> **TASK BRIEF**: Each line of the data below goes into the copy exactly; pictures do not.

> **PROVIDED MATERIAL**:
* * *

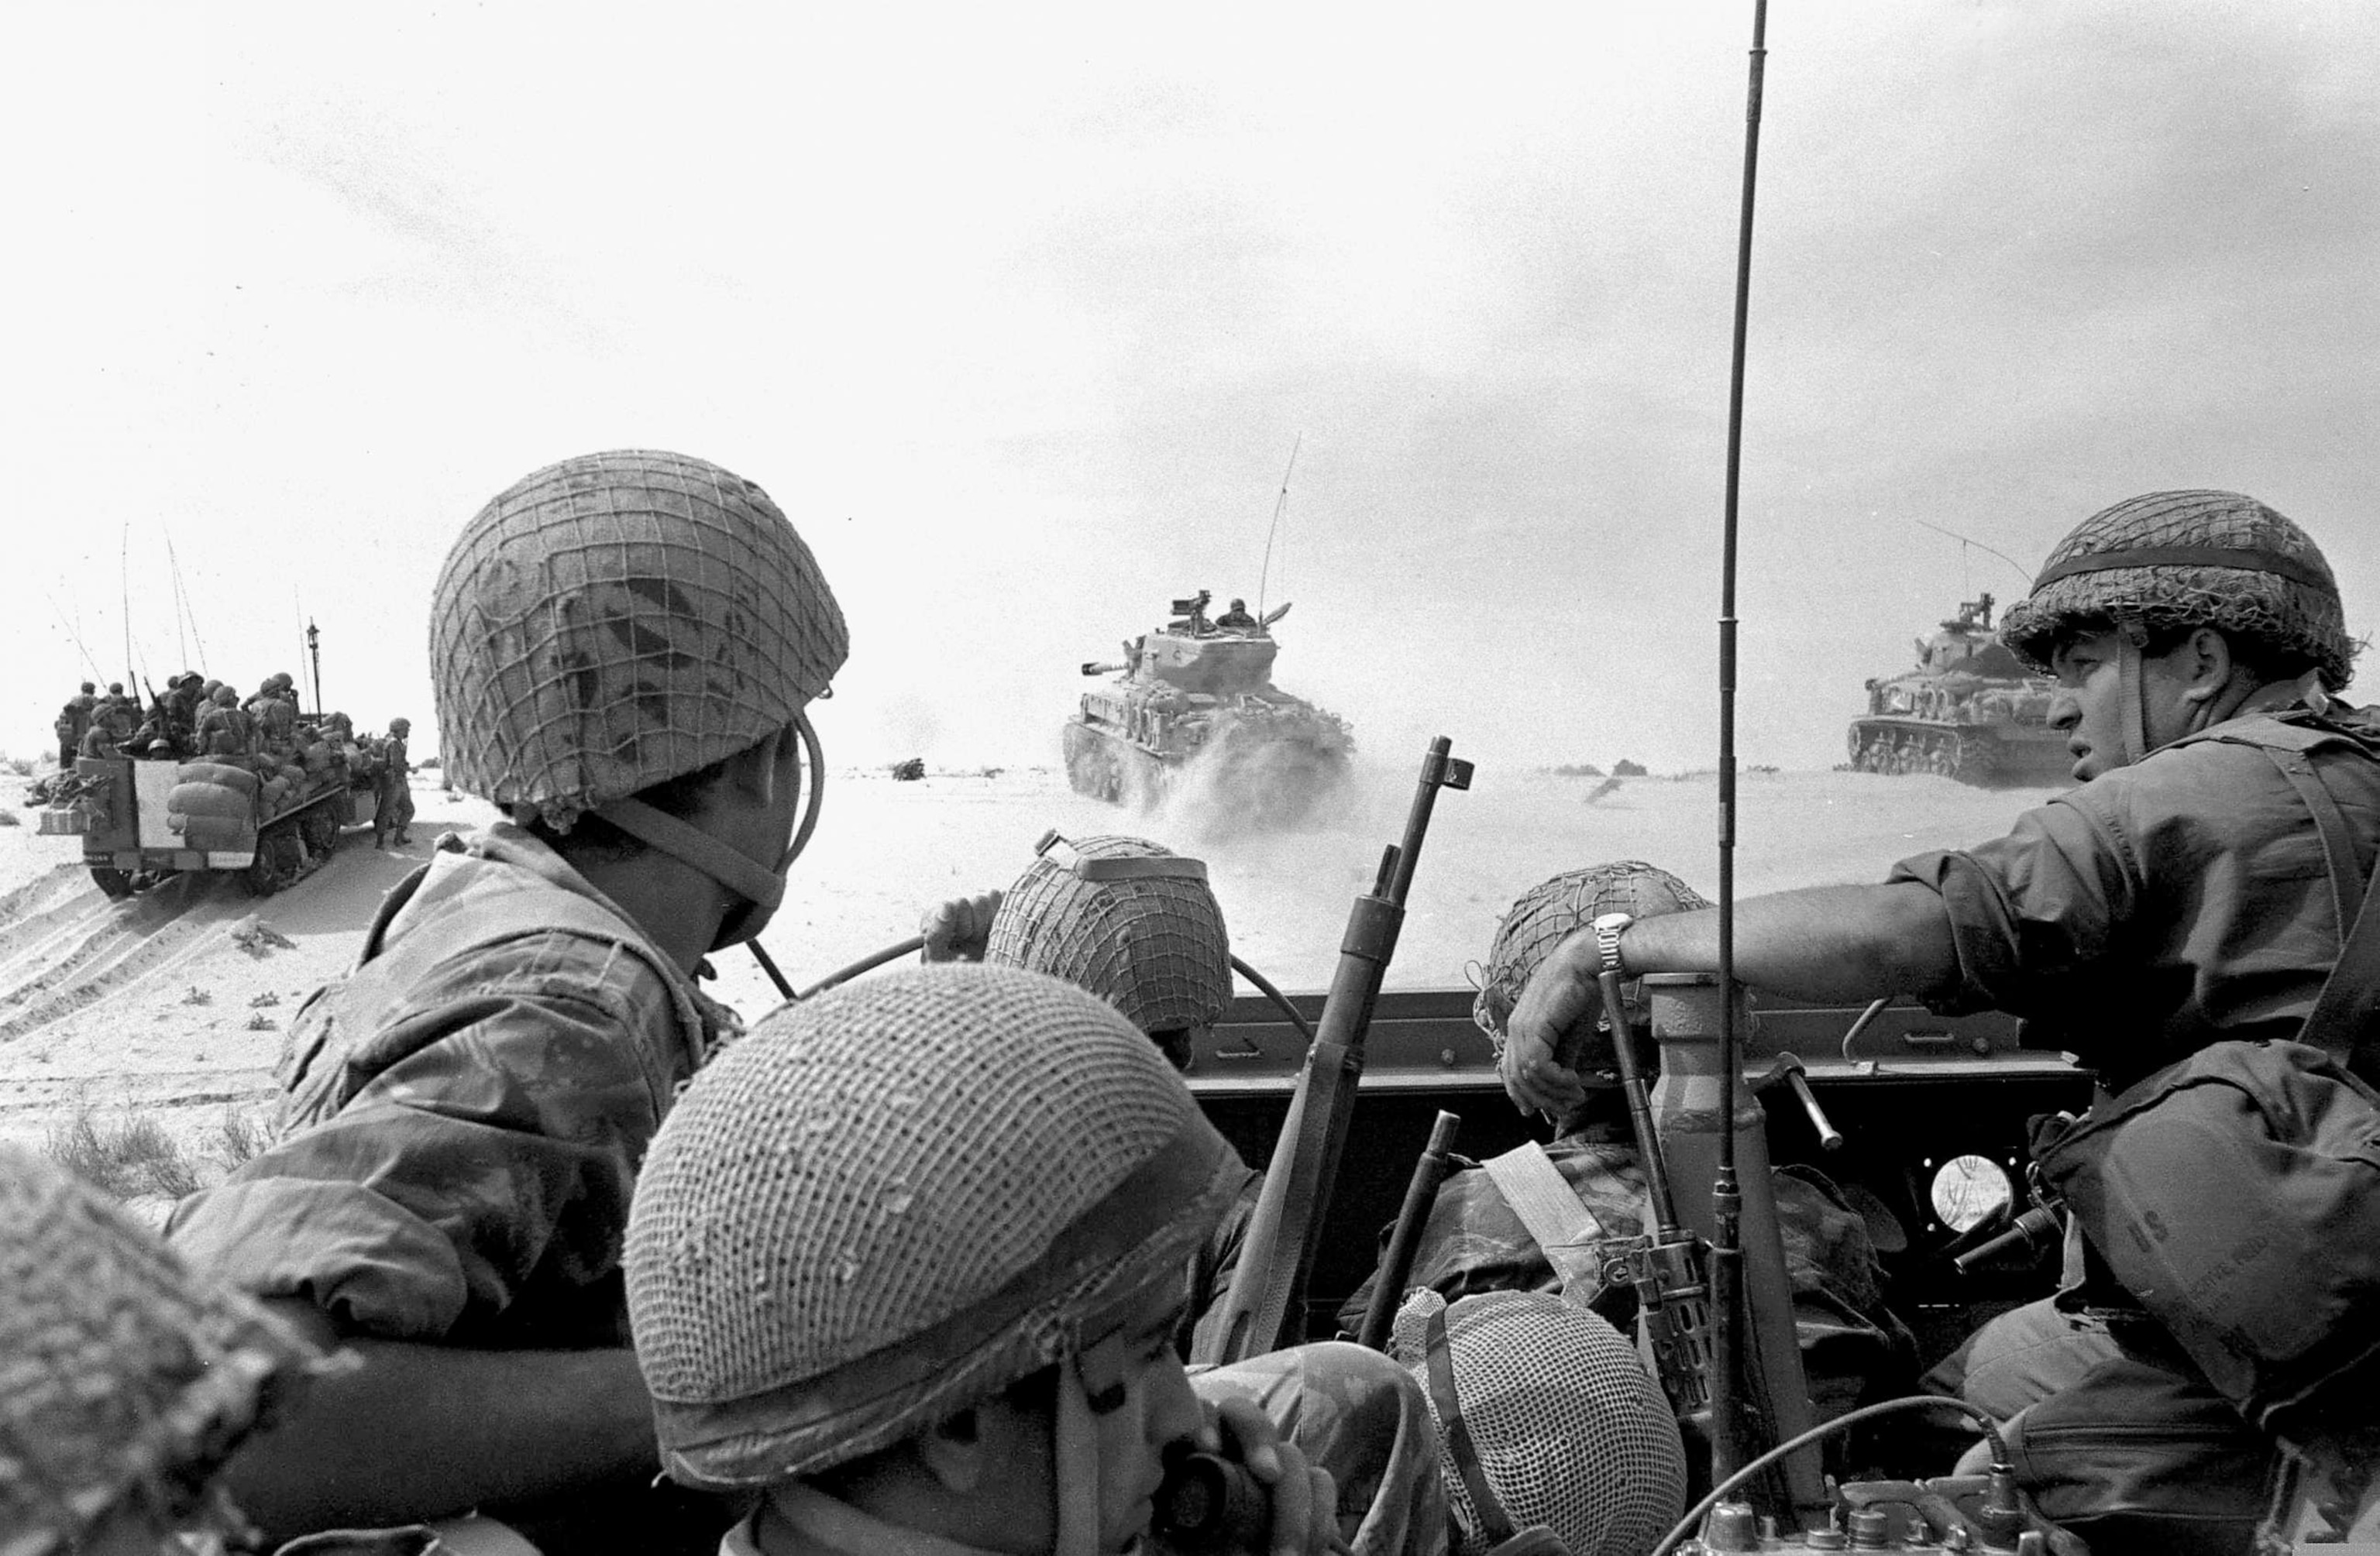 PHOTO: Israeli troops advance against Egyptian troops at the start of the Six-Day War, June 5, 1967, near Rafah, Gaza Strip.
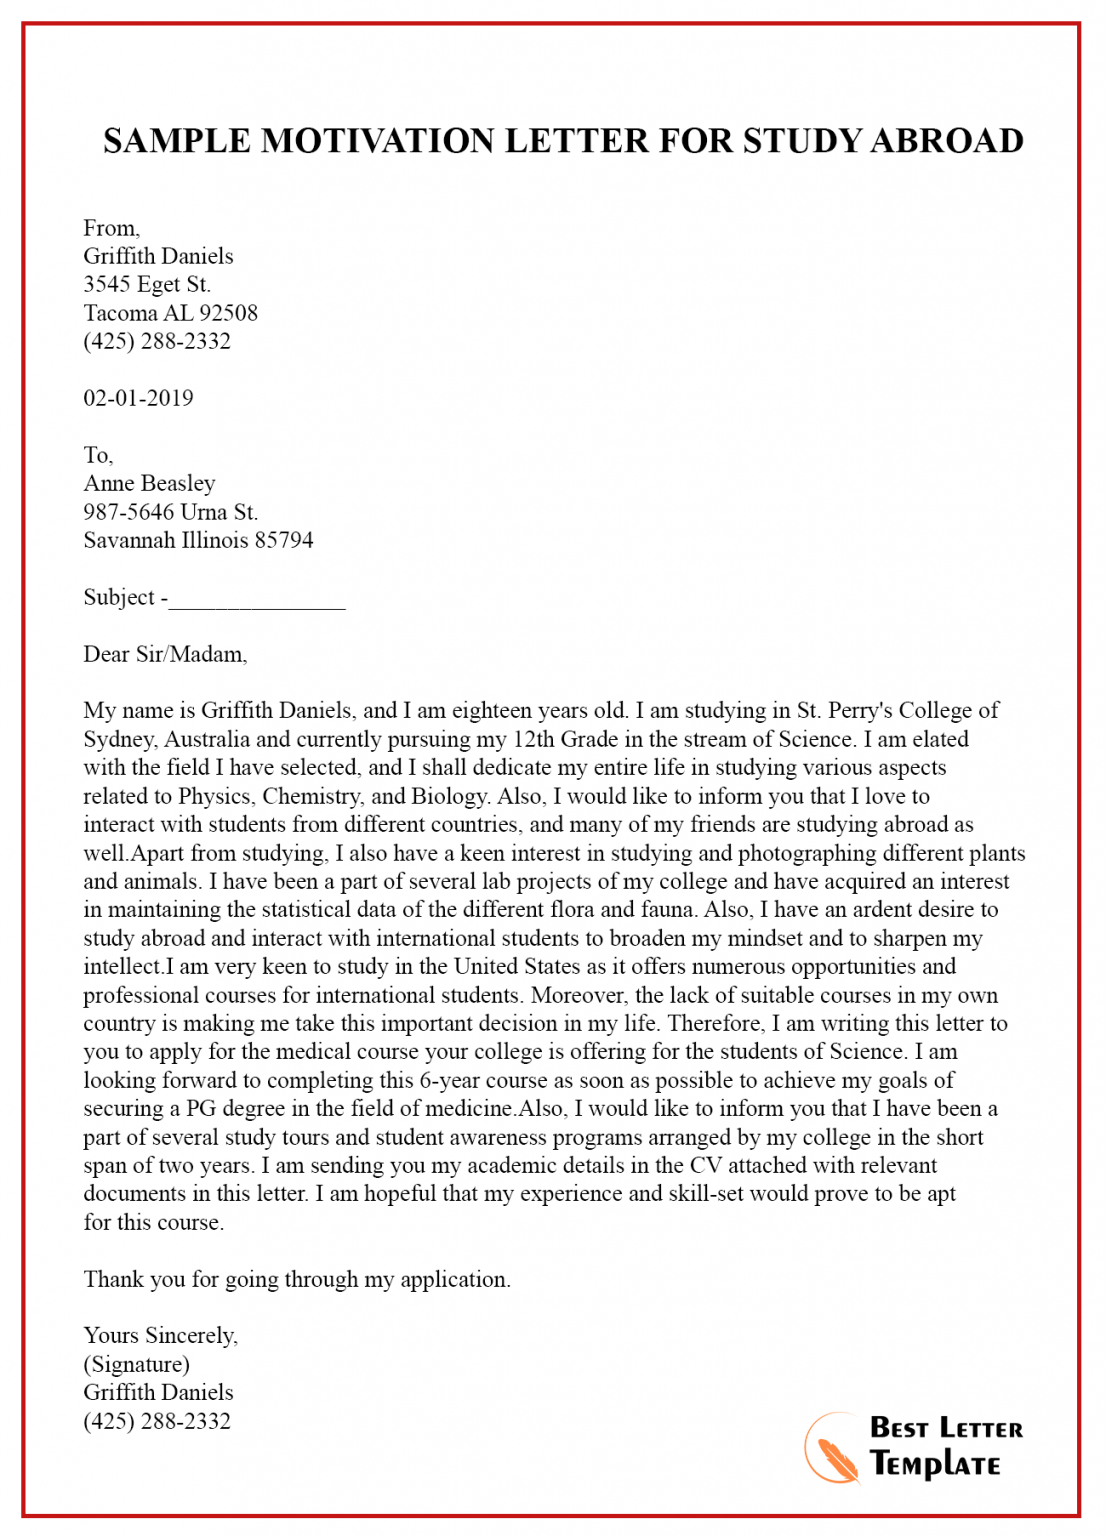 motivation letter for a research job
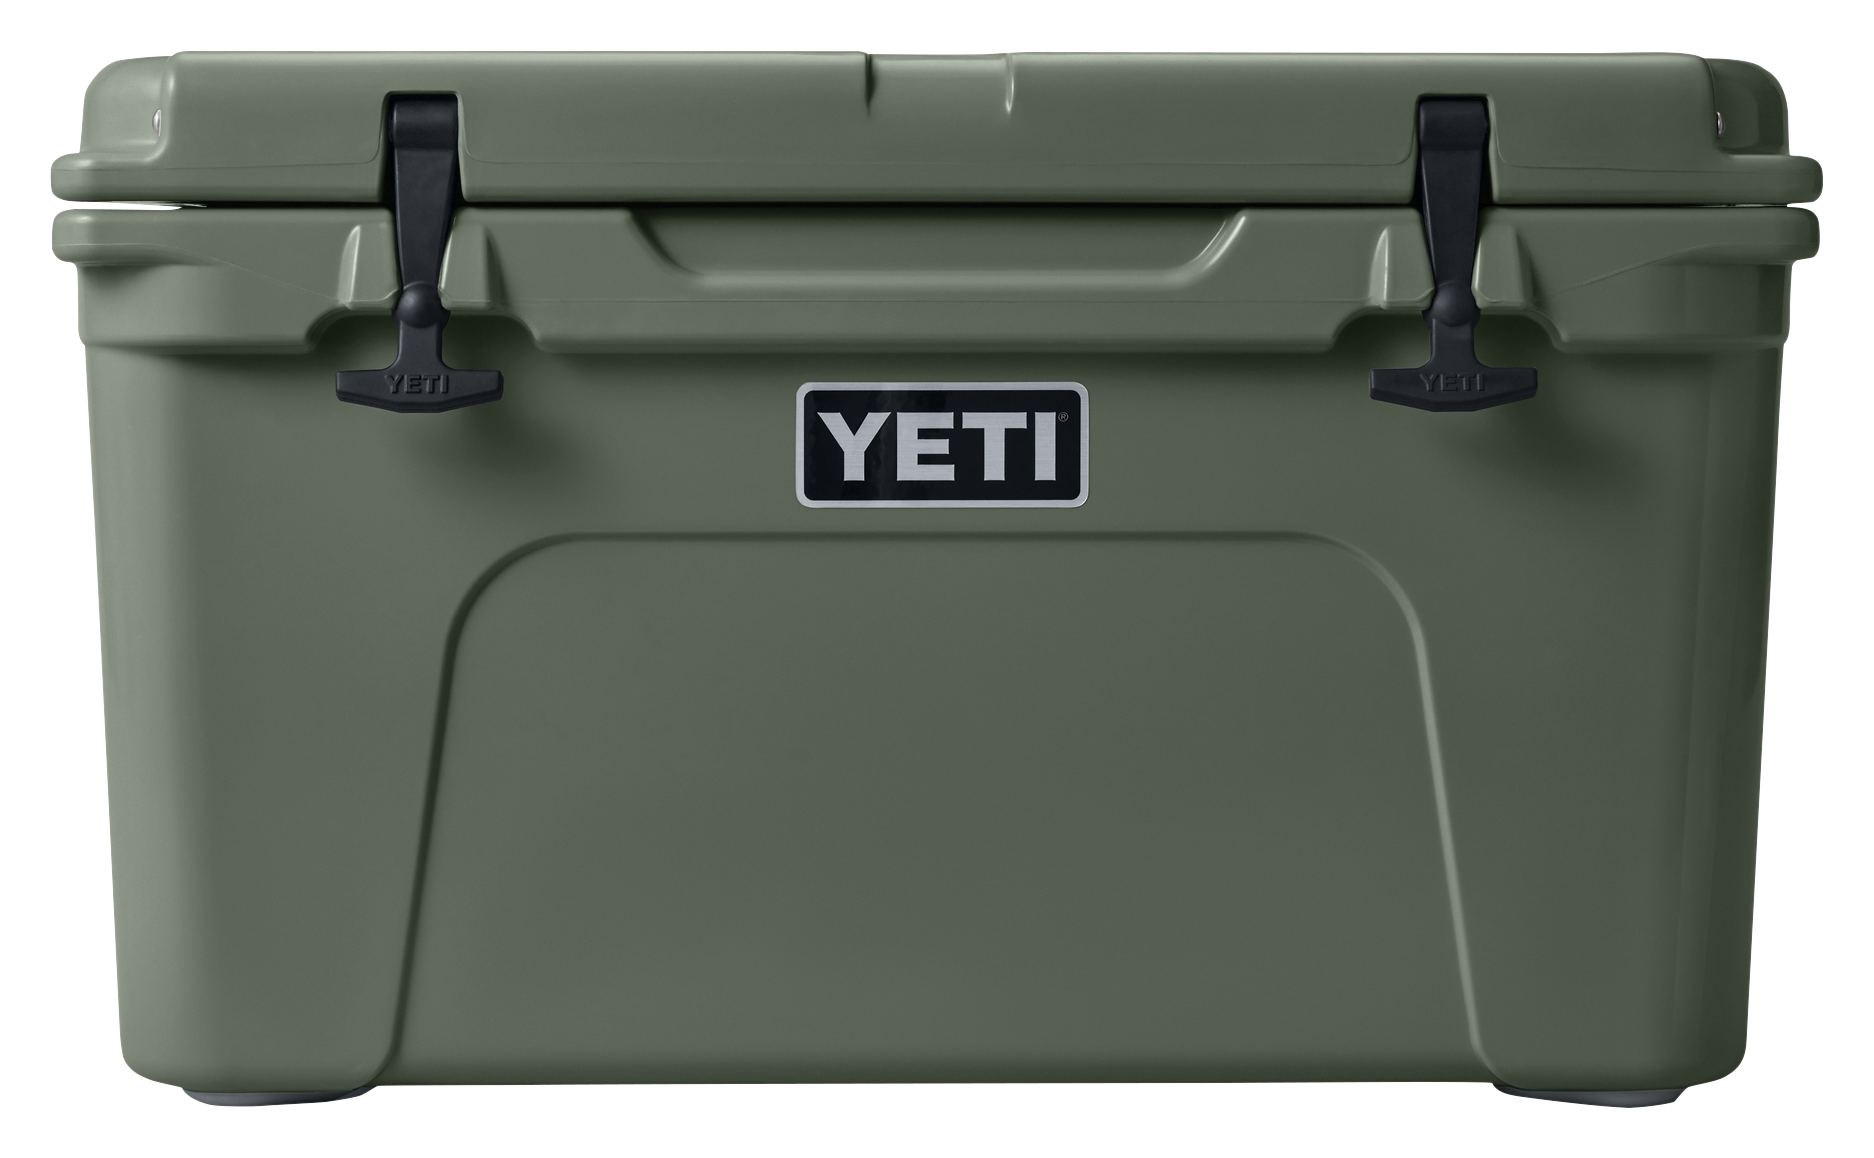 Yeti Cooler Sale: Save 25% off Select Yeti Coolers

* * *

> **RESPONSE TO THE TASK**:
 PHOTO: Israeli troops advance against Egyptian troops at the start of the Six-Day War, June 5, 1967, near Rafah, Gaza Strip.
 motivation letter for a research job
 Yeti Cooler Sale: Save 25% off Select Yeti Coolers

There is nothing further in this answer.